眠りか目覚めか

かいばつれい

眠りか目覚めか

 黒い空間。何も見えない暗黒。

 「いい加減起きたらどうかね?」

 姿の見えない声が男に言う。

 「誰だ」

 「わしは名乗るほどの者ではない。お前さんを起こしにきただけの者だ」声は続けて言う。「もう、じゅうぶん眠ったであろう。このへんで起きんと、二度と目覚めることができなくなるぞ」

 「嫌だ。俺は寝ていたいんだ」

 「駄目だ。お前さんは起きなきゃならん。ほれ起きんか」

 「うるさい。邪魔するな。俺は起きたくなんかない」

 男は叫ぶ。

 「お前さんはそれでいいかもしれんが、お前さんを思う人たちはどうする?皆、目覚めぬお前さんを心配しておる。お前さんが起きるのをずっと待っておるのだぞ。その人たちを裏切るほどお前さんは人でなしではなかろう」

 「かつてはそうだった。だが、今はそうではない。疲れたんだ。俺はもう眠りたい。このまま眠らせてくれ」

 「この意気地なしめ。阿呆め。大馬鹿者め」

 「何とでも言うがいい。俺は罵られた程度では起きんぞ。俺の意志は固い」

 「なら、その意志の固さを何故、起きている時に使わなかった?お前さんは精一杯やったつもりになってはいるが、まだまだ努力は足りておらん。やり残していることは山ほどあるのだぞ」

 「俺の何を知っていると言うんだ。俺はやり切った。努力した。根性を出した。そして疲れたんだ。頼む。頼むから眠らせてくれ。起きたくないんだ」

 「そうかそうか。どうやらわしの見当違いだったようだな。お前さんがそこまで小さい男だとは思わなかったよ。いいさ、ゆっくり眠るがよい。己の弱さを悔やみ、自己嫌悪に苛まれながら眠るがよい。しかし、これだけは忘れるな。お前さんの罪は眠りについても消えん。身体が眠っても、魂は永久に呪われ続けるのだ。人は自分自身の罪を眠っただけで償うことはできん。自ら眠りにつこうとする者には罰が下される。自ら眠ったという罪を犯すのだからな。その罪は重いぞ。そしてその罪を犯した魂は楽園に行くことはできん」

 「地獄に行くのか。地獄の業火に焼かれ続けるのか」

 「いや、そんな生易しいことではない。

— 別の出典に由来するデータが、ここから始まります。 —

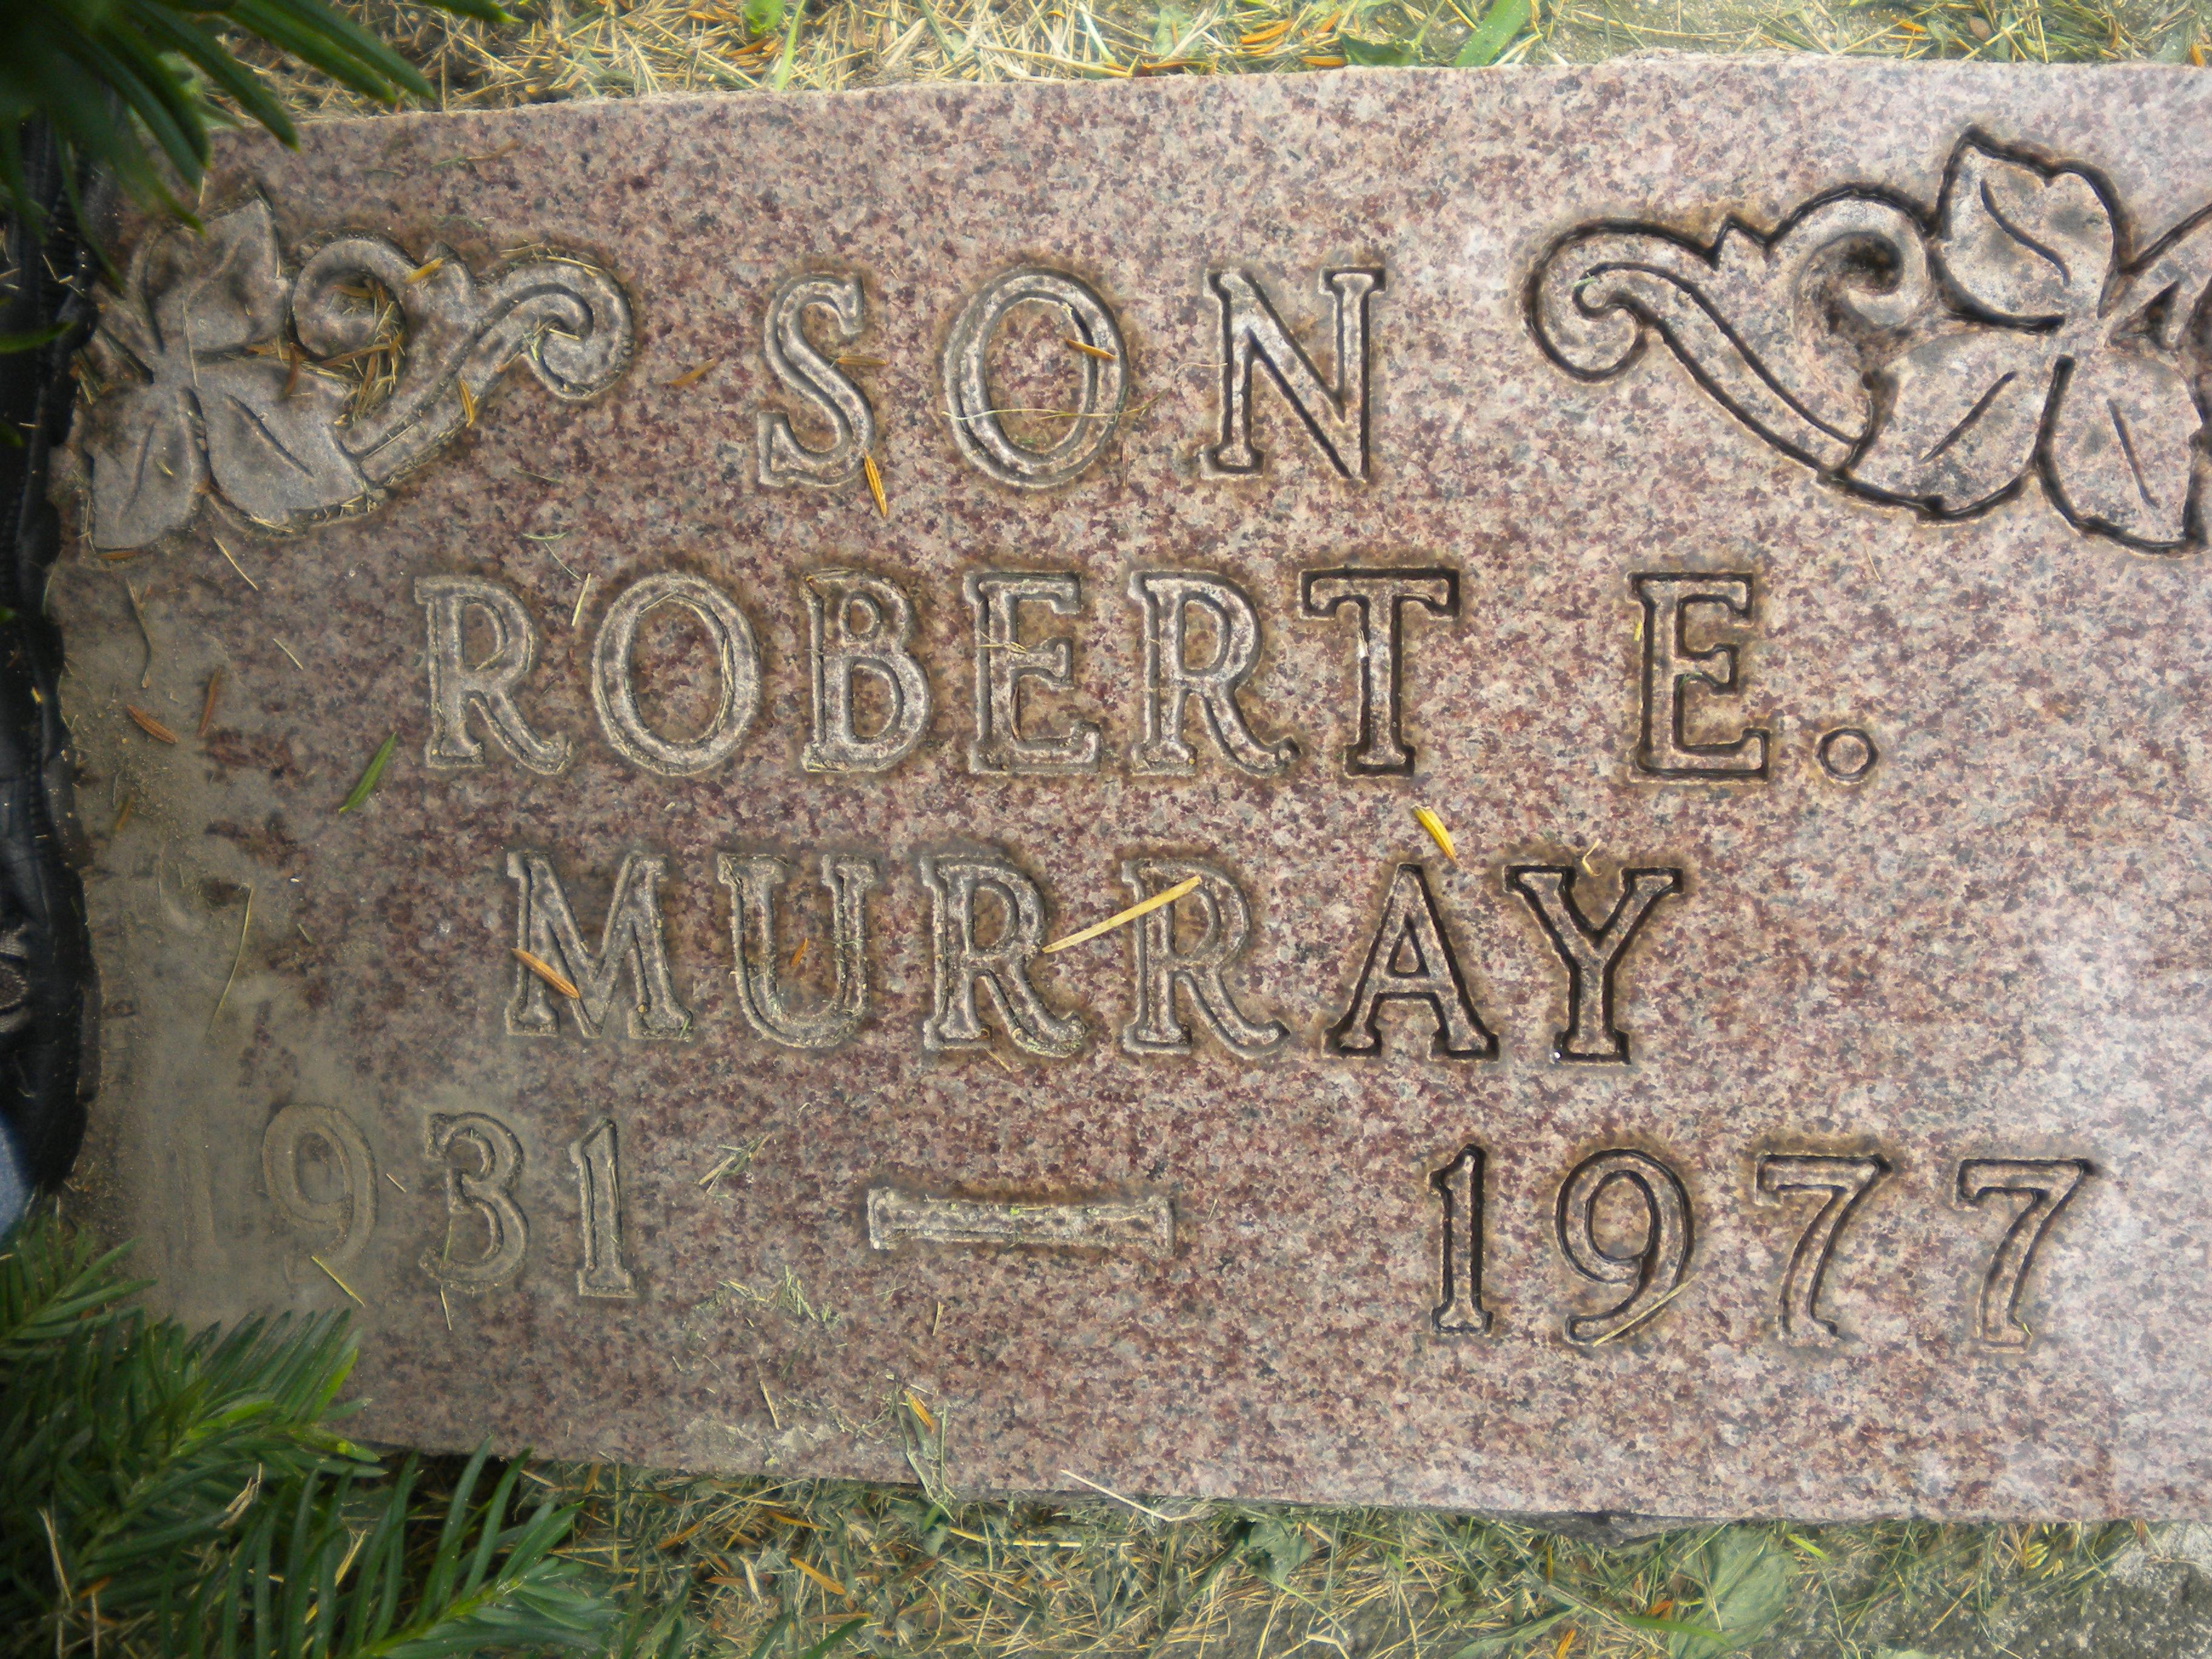 Robert Edward Murray

お前さんが眠りにつこうとした瞬間を繰り返してもらう。永遠にな」

 「永遠に?」

 「そうだ永遠だ。犯した罪の重さを思い知るためにな」

 「犯した罪の重さ・・・。眠ることが、自ら滅びようとすることが罪だというのか。では俺をこんなふうに追いやった連中はなんだ。やつらも重い罪を犯しているのではないのか」

 「そやつらの罪など、お前さんの罪と比べたらはるかに軽いぞ。それにやつらのほうが意地もあるし根性もある。もがき苦しんで屈強な精神を持ったやつらの魂はいずれ楽園にいくだろう。さて、わしはそろそろいくぞ。せいぜい苦しむがよい」

 それっきり声は聞こえなくなった。

 一人残された男は静かに呟いた。

 「俺はこのまま眠ってよいのだろうか」

 その呟きに返す者はいなかった。

 

 

 

 白い天井。白い部屋。白い衣を着た人々が慌ただしく自分の周りを走っている。

 その内の一人が自分の顔を覗き込んで言った。

 「良かった。意識が戻ったようですね」

 「・・・ここは?」

 意識がまだはっきりしないが声は出せた。

 「ここは病院です。いいですか?よく聞いてください。あなたは自分で川に飛び込んだのを覚えていますか?あなたが飛び込むのを見た人が仲間を呼んであなたを救助したんです。おかげでなんとか一命は取り留めました。肺に水がたくさん入っていたので、もう少し救助が遅れていたらどうなっていたか・・・。とにかく意識が戻って良かった」

 「そうか俺は」

 俺は自ら命を絶とうとして川に飛び込んだんだ。罵倒され、傷つけられ、陥れられ、奪われ、生きることが嫌になった俺は、死ぬことを選んだのだ。自ら死ぬことが罪?

 部屋の──病室のドアが開き、俺の家族が心配した表情で入ってきた。

 家族の顔を見て罪悪感を感じた俺は、その顔を直視することができなかった。そこで改めて俺は自分の罪の重さを知った。この罪悪感は当分消えそうにないだろう。

 「それも自ら滅びようとした罰だ」

 あの声が再び聞こえた気がした。それは周囲からではなく、俺自身の中から聞こえたようだった。